Simulation with Message Passing Interface (MPI)
MPI-based Federated Learning for cross-GPU/CPU servers.
In this example, we will present how to apply the standalone simulation of FedML in the MINIST image classification using an MPI-based FL simulator. The complete code is available at https://github.com/FedML-AI/FedML/tree/master/python/examples/simulation/mpi_torch_fedavg_mnist_lr_example.
One line API
Step 1. preparation
In this example, we have to complete the operation of step1 in the One line API first, and then proceed to the subsequent operations.
We use the mpi4py
package for the MPI implementation in Python. Here you need to install mpi4py
with conda install
instead of pip install
because pip install will report an error.
conda install mpi4py
Step 2. setup Parameters
config/fedml_config.yaml
is almost the same as fedml_config.yaml
in One line API step2, only the backend setting in comm_args
is different. Here comm_args.backend is "MPI", which means the program is running based on an MPI-based FL Simulator.
comm_args:
backend: "MPI"
is_mobile: 0
Step 3. training
Now that we have configured all the dependencies, we can quickly implement the training of the federated learning model based on MPI-based FL Simulator on the MNIST dataset with the following line of code.
# 4 means 4 processes
bash run_one_line_example.sh 4
Note that if you download the code on Windows and upload it to a Linux environment, you will see the following output when the program just starts running.
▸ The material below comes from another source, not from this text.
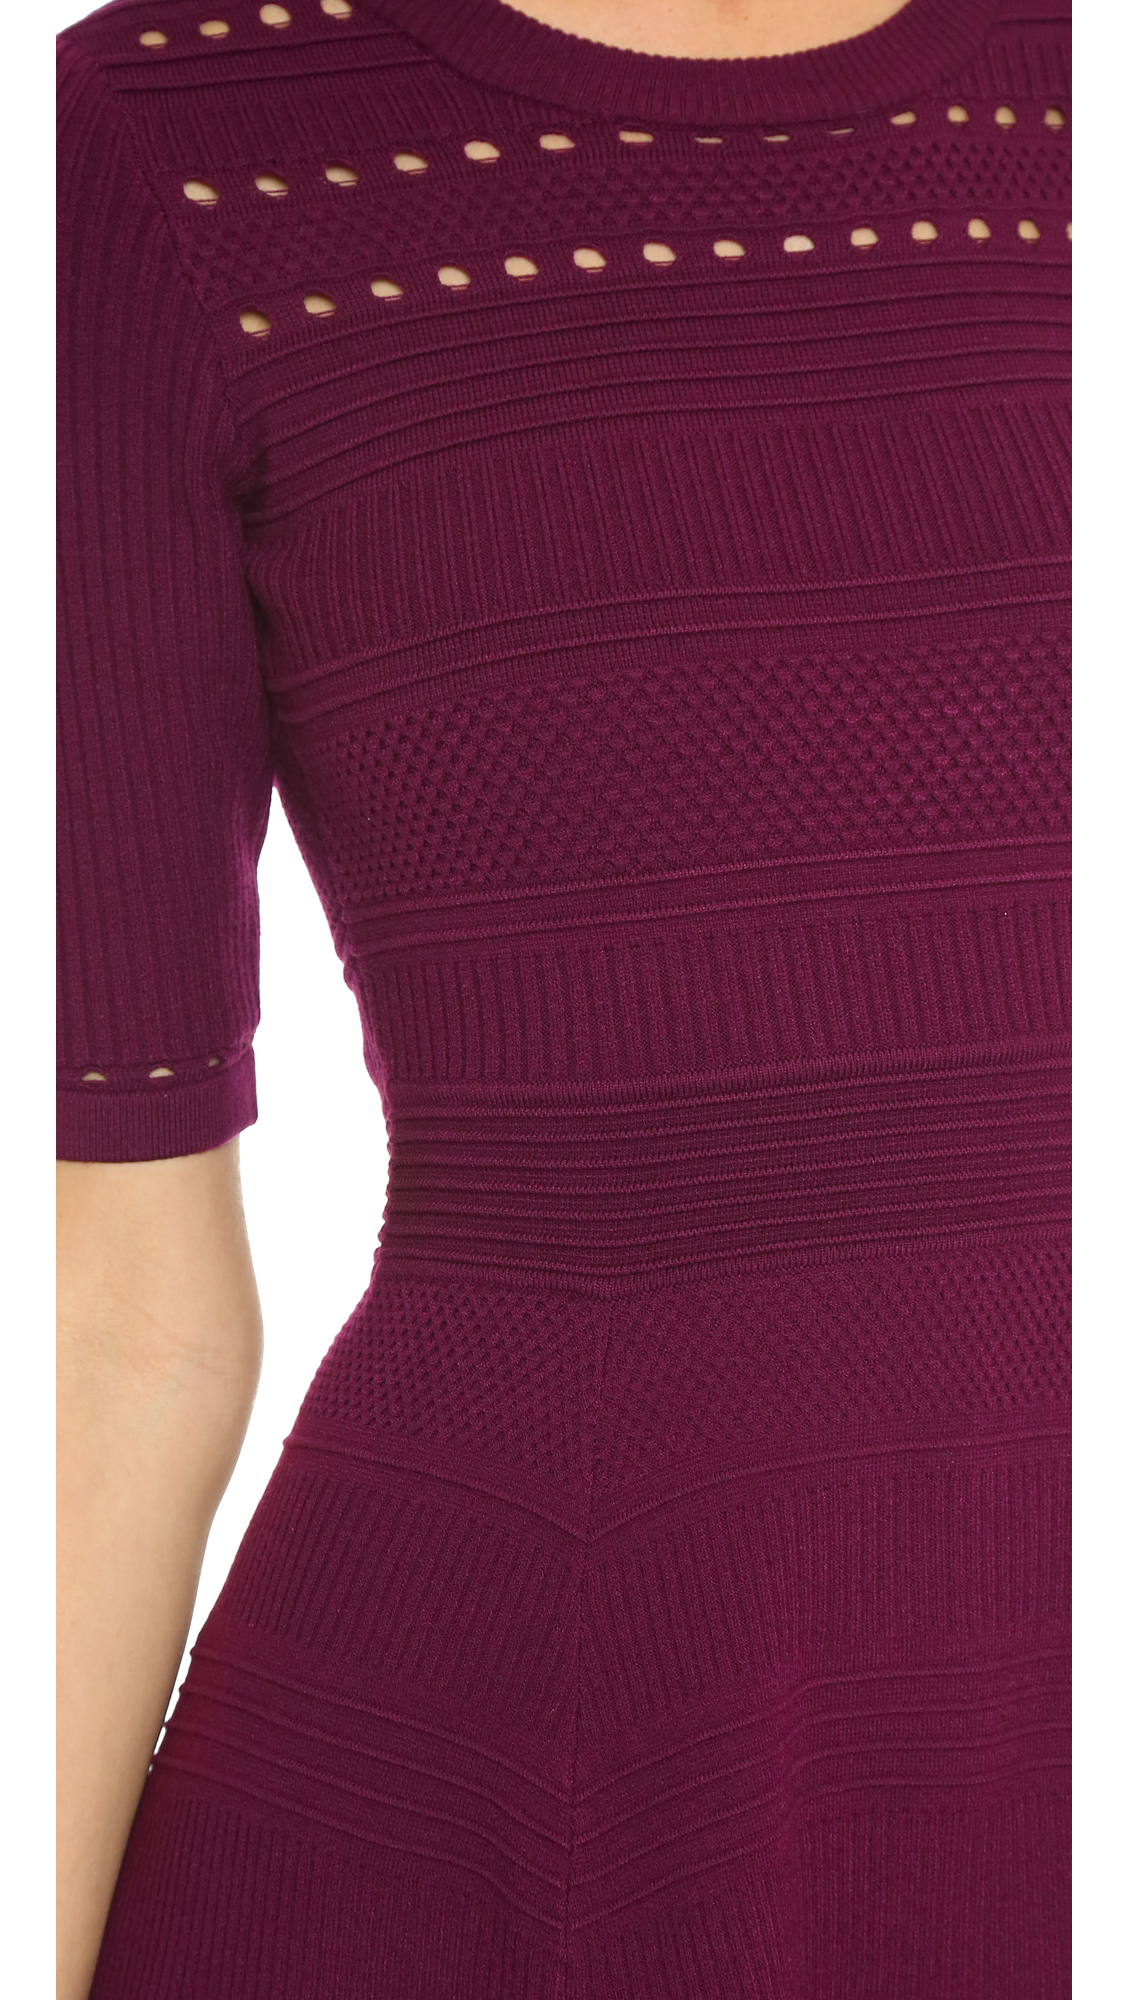 Lyst Milly Textured Stitch Flare Dress Burgundy In Purple

run_one_line_example.sh: line 2: $' \r ': command not found
run_one_line_example.sh: line 4: $'\r': command not found
expr: non-integer argument
run_one_line_example.sh: line 7: $'\r': command not found
run_one_line_example.sh: line 9: $'\r': command not found
The main way to deal with this is to end the program and then run the following command, filename
here is run_one_line_example.sh
sed -i 's/\r$//' filename
When it officially starts running, you can see the real-time output of the program running on the terminal. When the process is finished and you see an output similar to the following, it means that the whole process is running successfully.
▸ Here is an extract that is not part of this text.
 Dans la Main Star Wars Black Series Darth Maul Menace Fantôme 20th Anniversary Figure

FedML-Server(0) @device-id-0 - Tue, 26 Apr 2022 02:53:22 FedAvgClientManager.py[line:71] INFO #######training########### round_id = 49
[2022-04-26 02:53:22,054] [INFO] [my_model_trainer_classification.py:56:train] Update Epoch: 0 [10/30 (33%)] Loss: 1.775815
[2022-04-26 02:53:22,055] [INFO] [my_model_trainer_classification.py:56:train] Update Epoch: 0 [20/30 (67%)] Loss: 1.920599
[2022-04-26 02:53:22,055] [INFO] [my_model_trainer_classification.py:56:train] Update Epoch: 0 [30/30 (100%)] Loss: 1.839799
[2022-04-26 02:53:22,055] [INFO] [my_model_trainer_classification.py:63:train] Client Index = 3 Epoch: 0 Loss: 1.845405
FedML-Server(0) @device-id-0 - Tue, 26 Apr 2022 02:53:22 client_manager.py[line:104] INFO Sending message (type 3) to server
FedML-Server(0) @device-id-0 - Tue, 26 Apr 2022 02:53:22 client_manager.py[line:118] INFO __finish client
--------------------------------------------------------------------------
MPI_ABORT was invoked on rank 4 in communicator MPI_COMM_WORLD
with errorcode 0.
NOTE: invoking MPI_ABORT causes Open MPI to kill all MPI processes.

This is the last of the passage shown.